I have fed Penny raw since she was about 9 weeks old. She is 6 months tomorrow and eats about 1300g a day. The Vizsla Raw and Natural group on facebook is amazing for help and resources.


----------



## duncan88

Just gave Chester his first Raw Chicken wing. He wolfed it down to quickly for me to intervene and started to choke and panic. How do I prevent this happening again?? heart is still racing!!!!


----------



## organicthoughts

duncan88 said:


> Just gave Chester his first Raw Chicken wing. He wolfed it down to quickly for me to intervene and started to choke and panic. How do I prevent this happening again?? heart is still racing!!!!

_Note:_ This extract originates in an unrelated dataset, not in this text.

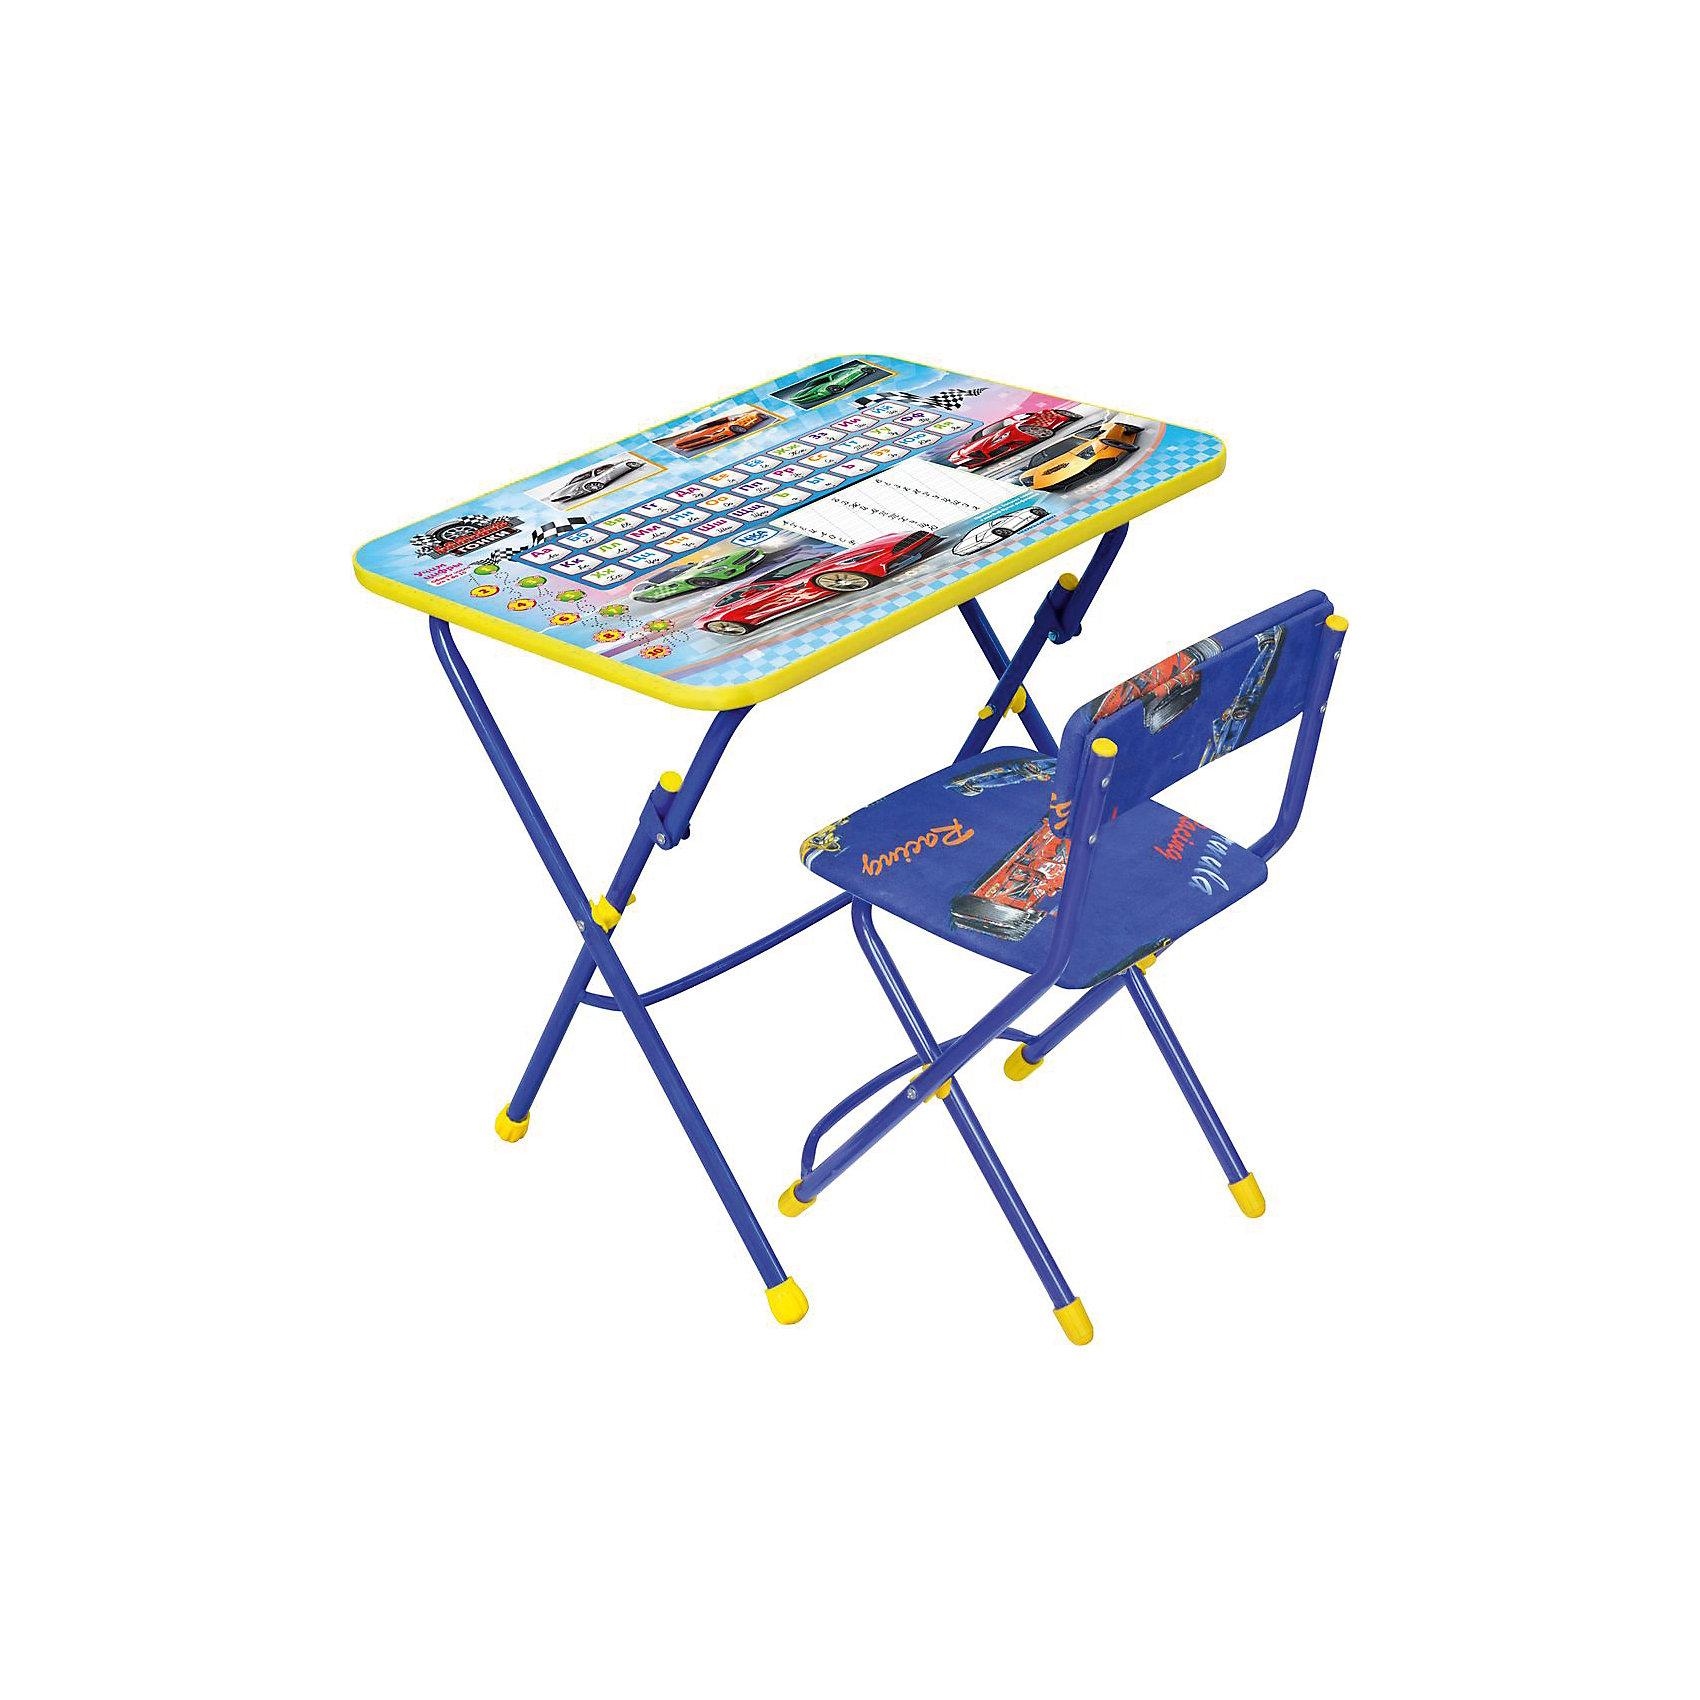 Набор мебели Никки КУ1/15 Большие гонки, НикаХарактеристики товара:<br><br>• материал: металл, пластик, текстиль<br>• размер столешницы: 60х45 см<br>• высота стола: 58 см<br>• сиденье: 31х27 см<br>• высота до сиденья: 32 см<br>• высота со спинкой 57 см<br>• подставка для ног<br>• стул с мягким сиденьем (флок)<br>• пенал<br>• складной<br>• на столешнице - полезные рисунки<br>• на ламинированной поверхности стола можно рисовать маркером на водной основе<br>• на ножках пластмассовые наконечники<br>• складной<br>• возраст: от 3 до 7 лет<br>• страна бренда: Российская Федерация<br>• страна производства: Российская Федерация<br><br>Детская мебель может быть удобной и эргономичной! Этот комплект разработан специально для детей от трех до семи лет. Он легко складывается и раскладывается, занимает немного места, легко моется. Каркас сделан из прочного, но легкого металла, а на ножках установлены пластмассовые наконечники для защиты напольного покрытия. Столешница украшена полезными познавательными рисунками. Отличное решение как для кормления малыша, так и для игр, творчества и обучения!<br>Правильно подобранная мебель помогает ребенку расти здоровым, формироваться правильной осанке. Изделие производится из качественных сертифицированных материалов, безопасных даже для самых маленьких.<br><br>Набор мебели Никки КУ1/15 Большие гонки от бренда Ника можно купить в нашем интернет-магазине.<br><br>Ширина мм: 750<br>Глубина мм: 155<br>Высота мм: 610<br>Вес г: 8080<br>Возраст от месяцев: 36<br>Возраст до месяцев: 84<br>Пол: Мужской<br>Возраст: Детский<br>SKU: 5223621

Hand feed ingestible bones, til he is used to them so you can ensure he crunches through them.


----------



## einspänner

How old is Chester?


----------



## Spy Car

duncan88 said:


> Just gave Chester his first Raw Chicken wing. He wolfed it down to quickly for me to intervene and started to choke and panic. How do I prevent this happening again?? heart is still racing!!!!

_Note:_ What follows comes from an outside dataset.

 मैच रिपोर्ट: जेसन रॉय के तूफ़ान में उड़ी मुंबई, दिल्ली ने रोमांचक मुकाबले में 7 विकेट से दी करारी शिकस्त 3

My V, now 21 months old, is also named Chester. He's been raw fed from 8 weeks.

Ditto on OTs suggestion about hand feeding. Also, it is better to feed bigger pieces (like chicken quarters) when starting so they are forced to chew rather than to attempt to swallow things whole.

Bill


----------



## trevor1000

Bacchus has had raw since 10 weeks or so.
I prefer the chicken and turkey backs that have some meat and skin attached.
They are a bit larger and when i can get them they are super cheap to buy.
He gets kibble every day, and raw probably every 3 days
He is fairly passive with his raw stuff, he licks it a bit before he eats.
He whines and does his happy dance when it is warming up in the microwave though.


----------